Some early thoughts:
- Congratulations Ashley and Maeghan! Progressive Railroading Magazine, my partners in RailTrends (www.railtrends.com ) released their annual “Rising Stars” list and, if you’re scoring at home, the score is KSU 3, 2 each for CSX, NSC, UNP & CP, and one each for BNSF and Watco. I hope that I didn’t miscount or miss anyone, but special congrats to Maeghan Albiston, the IR at CP, and the CEO of the NRC, Ashley Wieland! Both of whom you saw at RT19, and would have seen at RT20….
- Books on my nightstand – there’s a new one by oil-guru Dan Yergin, “The New Map” (Penguin); you know that I’m reading “Outside the Box” by Levinson on trade (the box being, well, the intermodal box) – but a special THANKS to Scott Lothes and the Center for Photography & Art for “The Railroad Photography of Donald W. Furler” – it is a true gem, a work of art into itself ...

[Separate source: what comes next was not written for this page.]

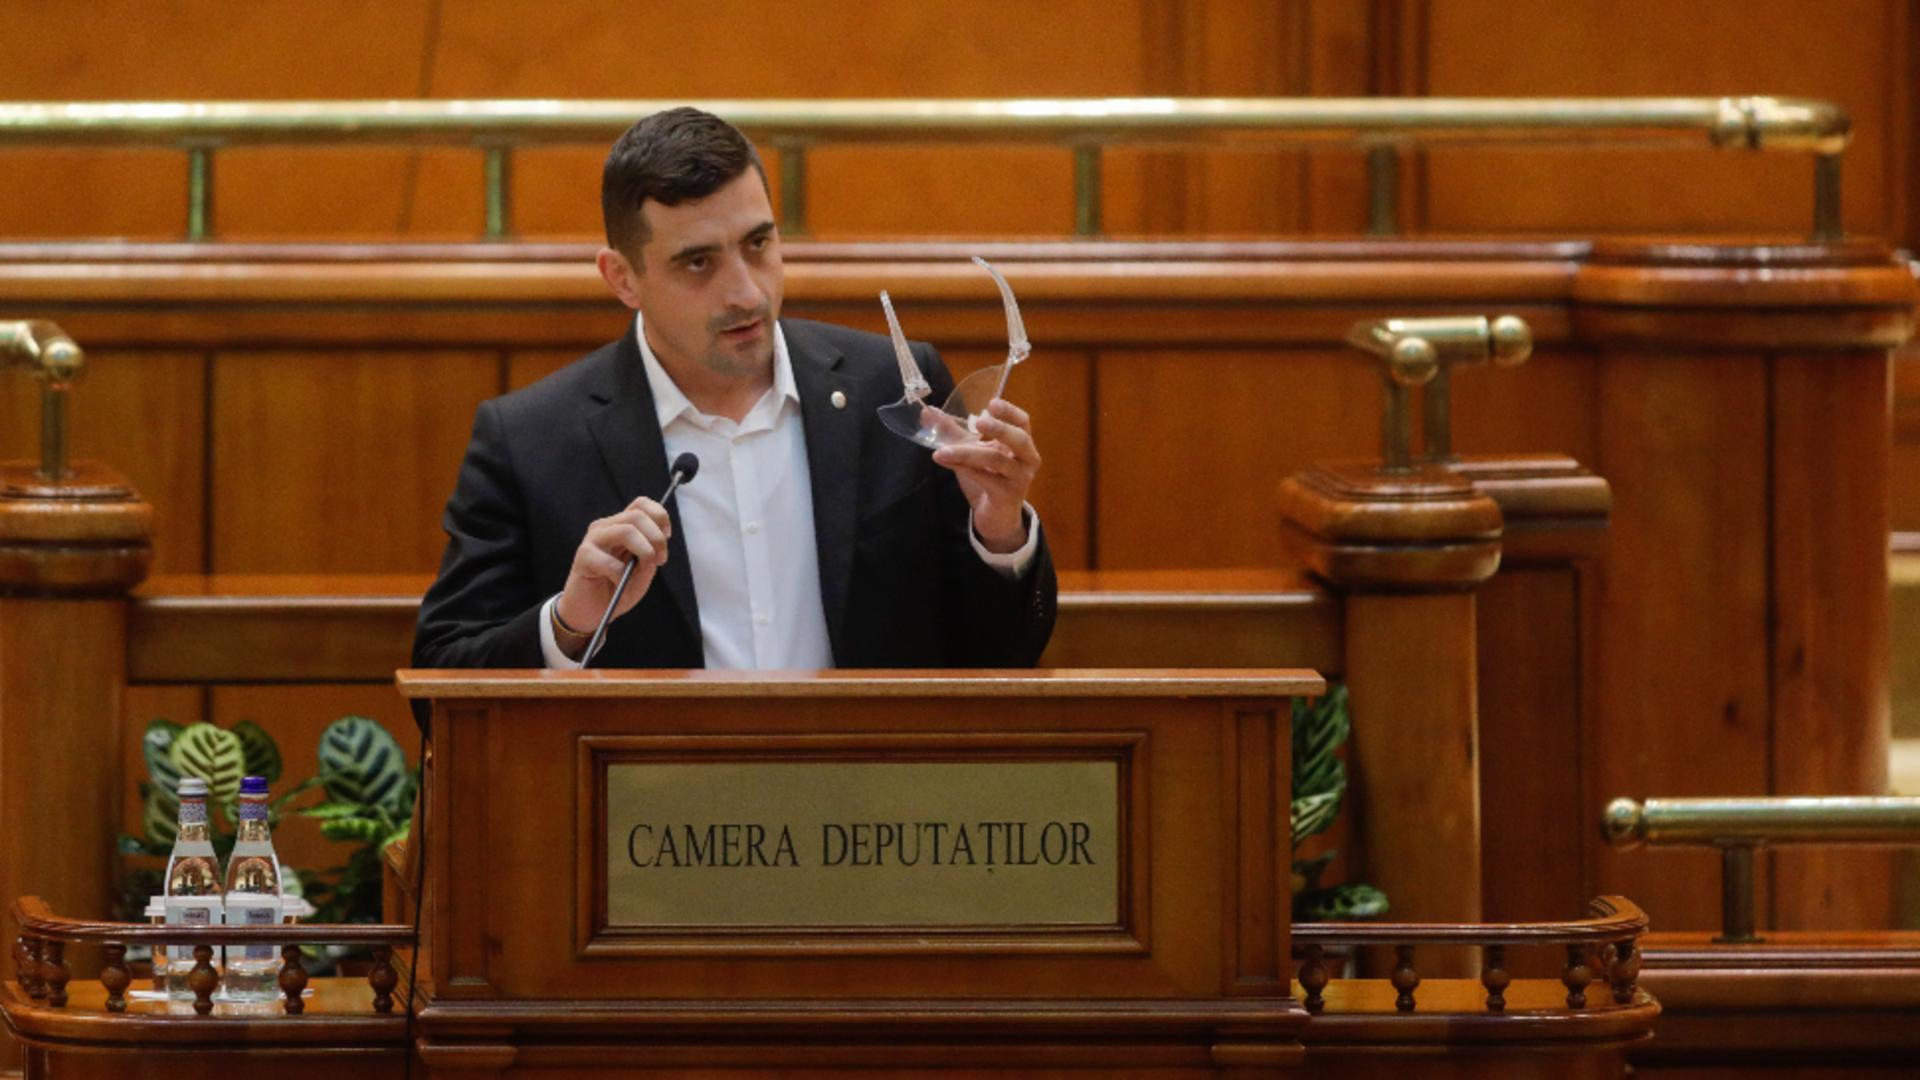 Partidul lui George Simion a ajuns pe locul 3 în sondaje / Foto: Inquam Photos

The STB releases its Railroad Revenue Adequacy list….for 2019. Yes, the Surface Transportation Board released its list of those rails whose returns (ROIC) exceeded their Cost-of-Capital, and the total was five. The very announcement points out the inadequacies of the list itself, with the greatest of respect (it is slow/late; it counts only the US as per the STB being, of course, and American government body even if the freight rail system is continental and it shows that ROIC/CoC is very much an art, maybe even a dark art, and not a science. For example, is the CoC really 9.34%? Isn’t that perhaps one-third too high? Yes, it seems closer to the mark than 12.2% for last (2018) year. Does this matter? Well, maybe not today,. But with the very nature - and use - of “revenue adequacy” up for debate in the future, it does bear watching. Note that the two Canadian lines system-wide would have ranked number 1 & #2….Anyway, those getting passing grades were:
- UNP 15.6%
- CSX 12.8%
- BNSF 12%
- NSC 11.6%
- Soo Line (AKA “CP-USA”)
Both the KSU (6.2% - assuming US only and yet still seeming unrealistic) and CN-USA (7.4%) fell below the….target.
Short Line Fever, Part One – Remember, the short line value proposition fits well, after some tensions, with PSR (first/last mile, “shock absorber” for pre-blocking) and is central to any carload recovery.
The NEARS Conference (North East Rail Shippers) was very short-line oriented, even and including some Class 1 connections (as it were) – so served as a great “appetizer” for the ASLRRA short line main course. Commtrex’ Martin Lew spoke, too – grab a listen, as did KSU’s Pat Ottensmeyer, and others (me too). But short lines seemed to be the main course (event). Or maybe, I should write the Maine course, see below. I will start with OmniTRAX and then the presentations (supplemented) of Pan Am, CP/CMQ, and from their analyst day, Brookfield/GWR – all of whose stories are intertwined, it seems, at present.
- John Russel, CCO of OmniTRAX, is an industry vet, so when he points out some scary things, even weeks before Halloween, I sat up and listened hard: while carload volumes have bounced hard off their lows (not as high as intermodal, of course), they are still double-digit down versus….2014. some of the rail problems, in fact, are not pandemic-initiated (and this, beyond coal). What Russell noted was that as rails went through PSR (in the US) they did get demonstrably better (metrics) – but at the cost of many “boots on the ground”. Most alarming is his study of the last 5-year CAGR: Rails are losing 6-8% of their connecting customers a year! THAT is sobering….OmniTRAX’s plans to counter that are all about getting closer to the customer via car storage/transload/and real estate plays (a Broe specialty).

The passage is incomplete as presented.